The index of leading indicators rose 0.3 percent in May, marking the third consecutive monthly increase and offering additional evidence that the recession has hit bottom, the Commerce Department reported yesterday.

But the modest size of the increase in the index--which is a composite of 12 separate indicators and which often moves up or down in advance of similar changes in the economy--reinforced the view of some analysts that the recovery will be slow and perhaps not sustained.

Treasury Secretary Donald T. Regan, in St. Louis to speak to a business group, said the increase was one of several "hopeful signs. We could get some bad figures later on. We're not out of the woods entirely, but it is pretty clear we are emerging from this recession," he declared.

Murray L. Weidenbaum, chairman of the Council of Economic Advisers, told reporters that recent statistics have convinced him "the economy is turning around. There is a lot of actual support for that."

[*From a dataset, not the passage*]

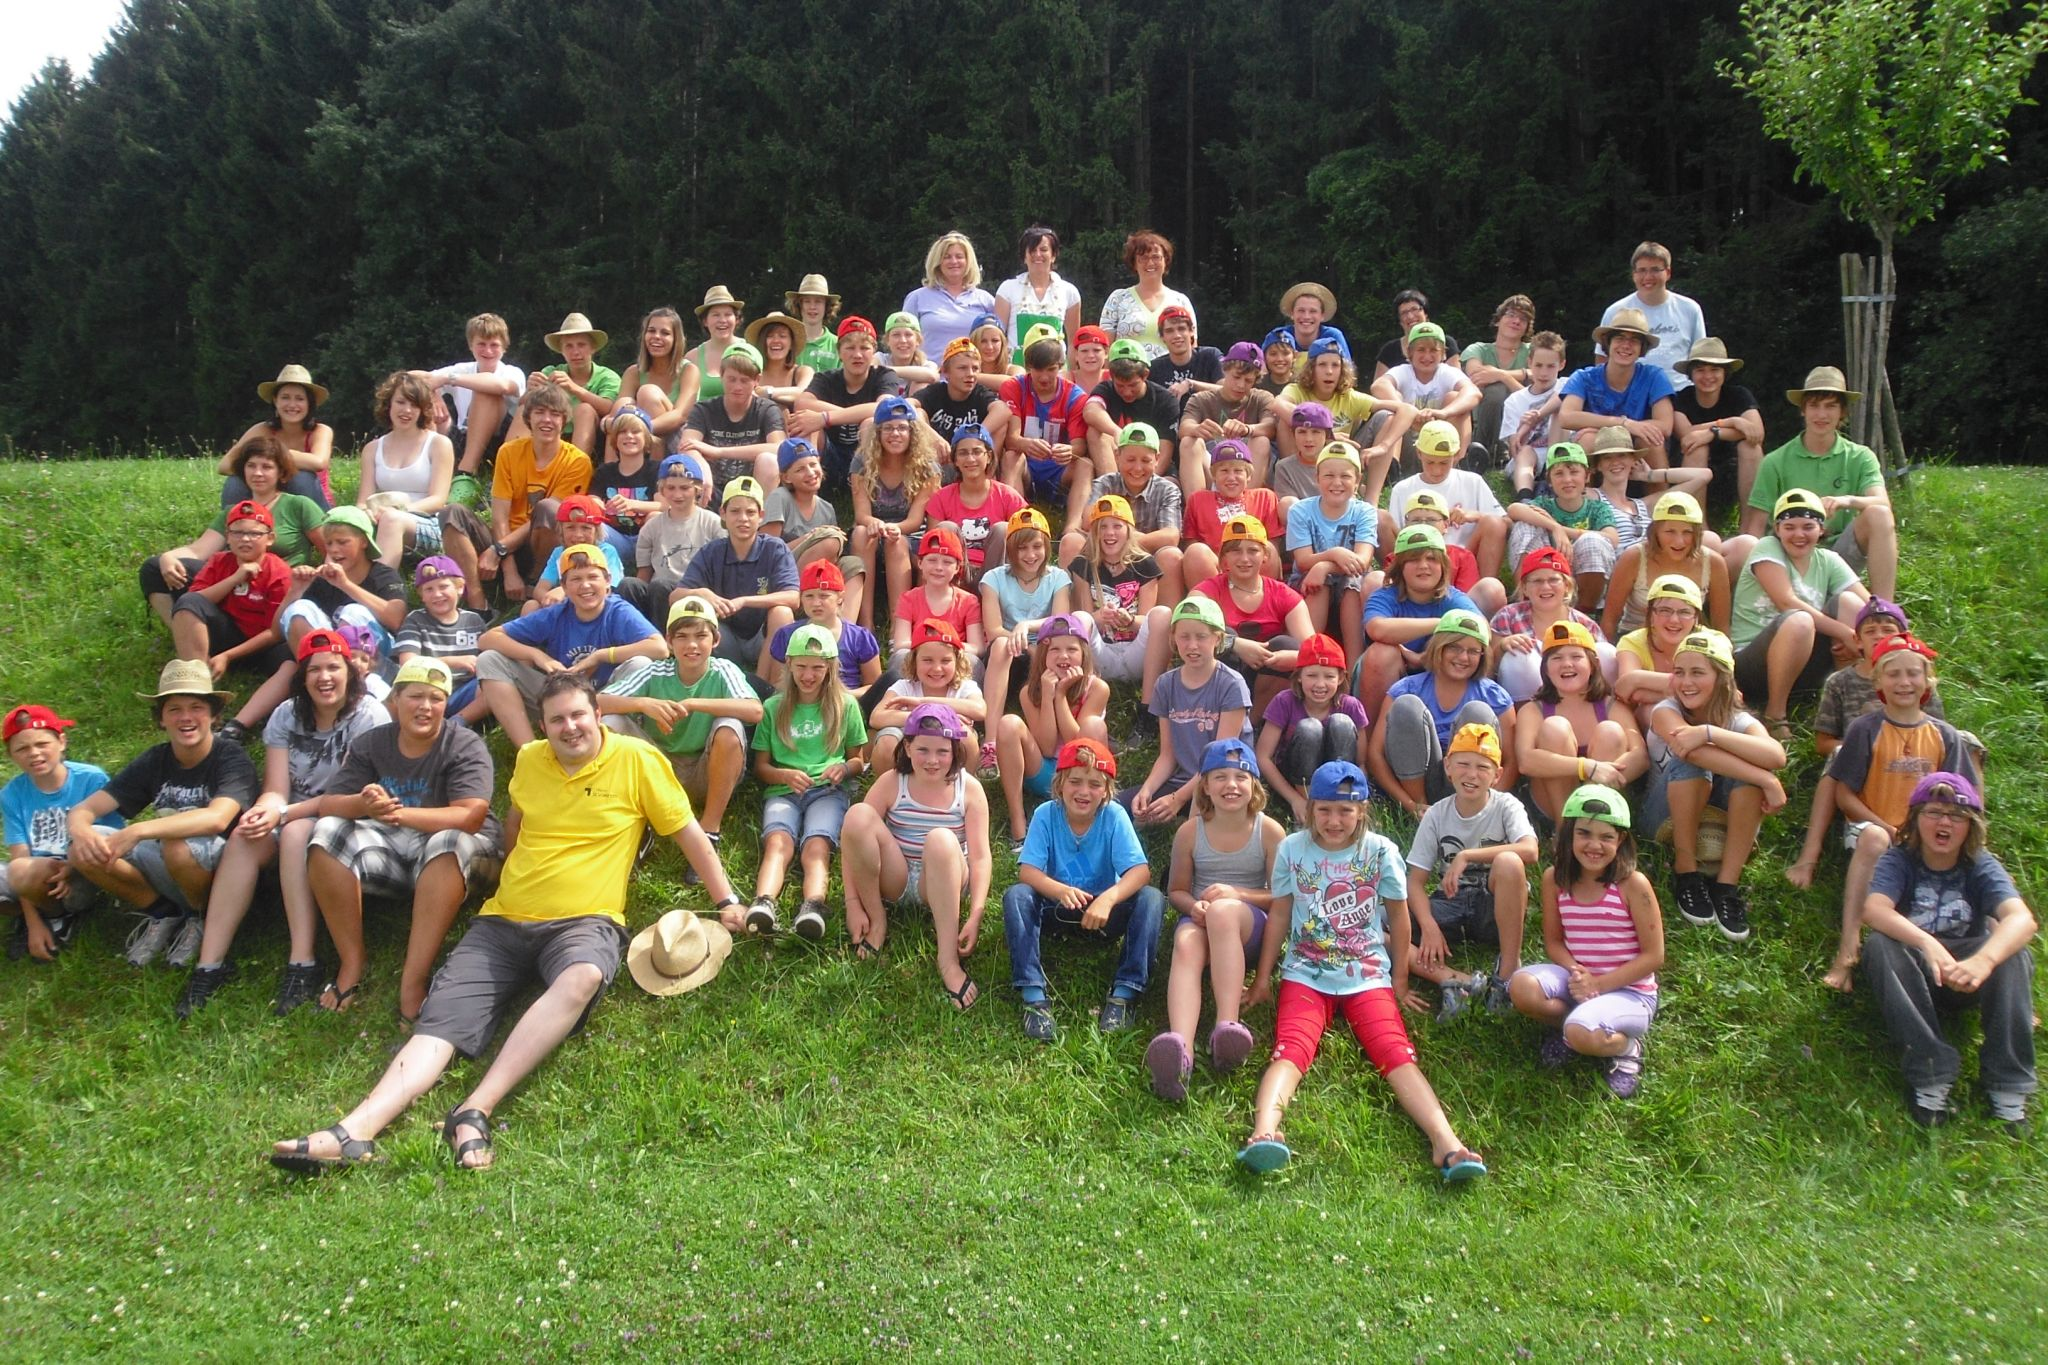 Lagergruppenfoto2010
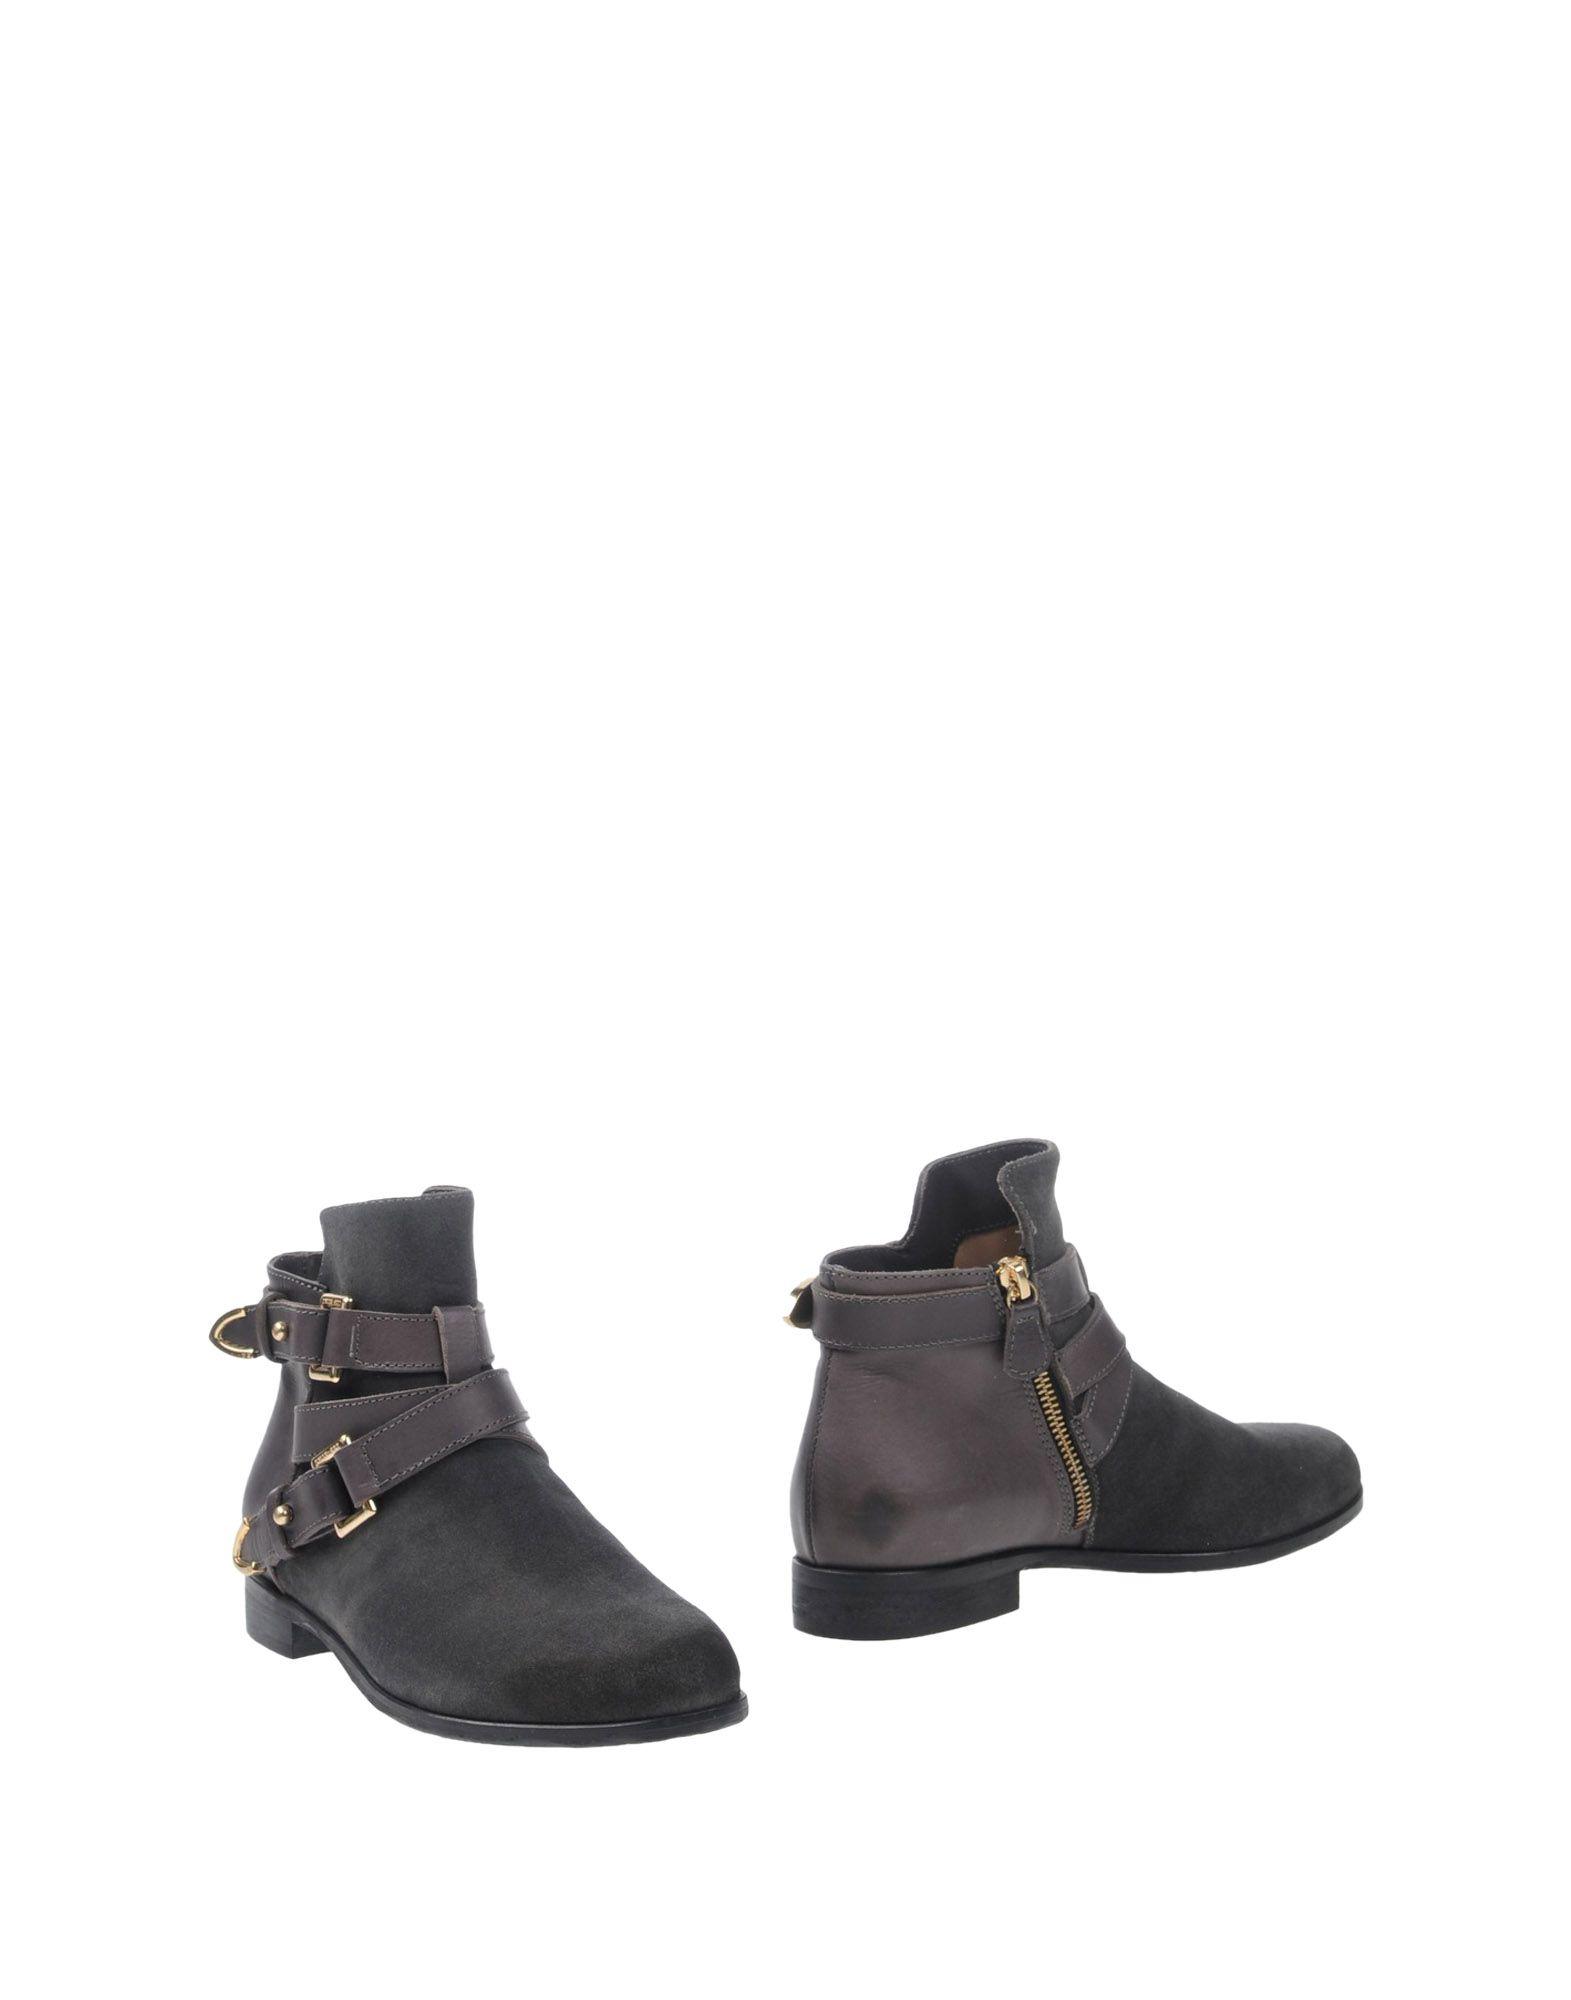 Haltbare Mode Beliebte billige Schuhe Twin 11244834PA Beliebte Mode Schuhe 1771fe

However, Weidenbaum also warned that "unemployment may not have peaked. . . . It peaks after the economy turns. We will get a sustained decline only when employment is growing fast enough to absorb growth in the labor force." The June unemployment rate will be reported on Friday. It stood at 9 1/2 percent in May. Most forecasters are predicting an increase to 9.7 or 9.8 percent.

Five of the 10 leading indicators available yesterday rose in May and five fell. Sensitive crude materials prices contributed the most to the gain in the composite index, while contracts and orders for business plant and equipment declined the most, the department said.

Robert G. Dederick, designated recently as under secretary for economic affairs, said, "While less than expected, the May advance . . . is consistent with other data suggesting that the recession has bottomed out. In the immediate future, the consumer sector apparently will be the key contributor to recovery. As indicated, though, by the setback in contracts and orders for new plant and equipment, business capital spending is likely to decline further."

Forecaster Lawrence Chimerine, head of Chase Econometrics, saw the numbers as "fundamentally consistent with what we expect, namely, that the economy is now bottoming out and a modest improvement will occur in the second half of the year." But he said that the recovery will be "relatively slow."

Both Regan and Weidenbaum said they expect interest rates, whose high level is a danger to the recovery's prospects, to fall later this year. However, Weidenbaum echoed the Treasury secretary's assessment a few days ago that they will go higher before turning downward. "In the very short run, the prospect is higher interest rates. Then I hope the trend is down."

Weidenbaum disassociated himself from recent pointed criticism by Regan and the Treasury undersecretary for monetary affairs, Beryl Sprinkel, of the way in which the Federal Reserve has been executing monetary policy. The CEA is not participating in the Treasury's review of whether the Fed's independence from the executive branch of government should be curtailed in some way, he said. "The White House has ordered no such review. . . . I am not sure whether Mr. Sprinkel gives marching orders to Mrs. Sprinkel, but it doesn't extend beyond the family."

Separately, the Commerce Department reported that new orders for manufactured goods rose $2.4 billion, or 1 1/2 percent, in May to a level of $158.1 billion. Shipments, however, rose even faster, up $4.1 billion, or 2.6 percent, to $161.2 billion. As a result, order backlogs at the end of May stood at $314.8 billion, down 1 percent from April.

The book value of manufacturers' inventories decreased $2.7 billion, or 1 percent, in May to $271.5 billion. It was the fifth decline in the last six months for inventories, the department said.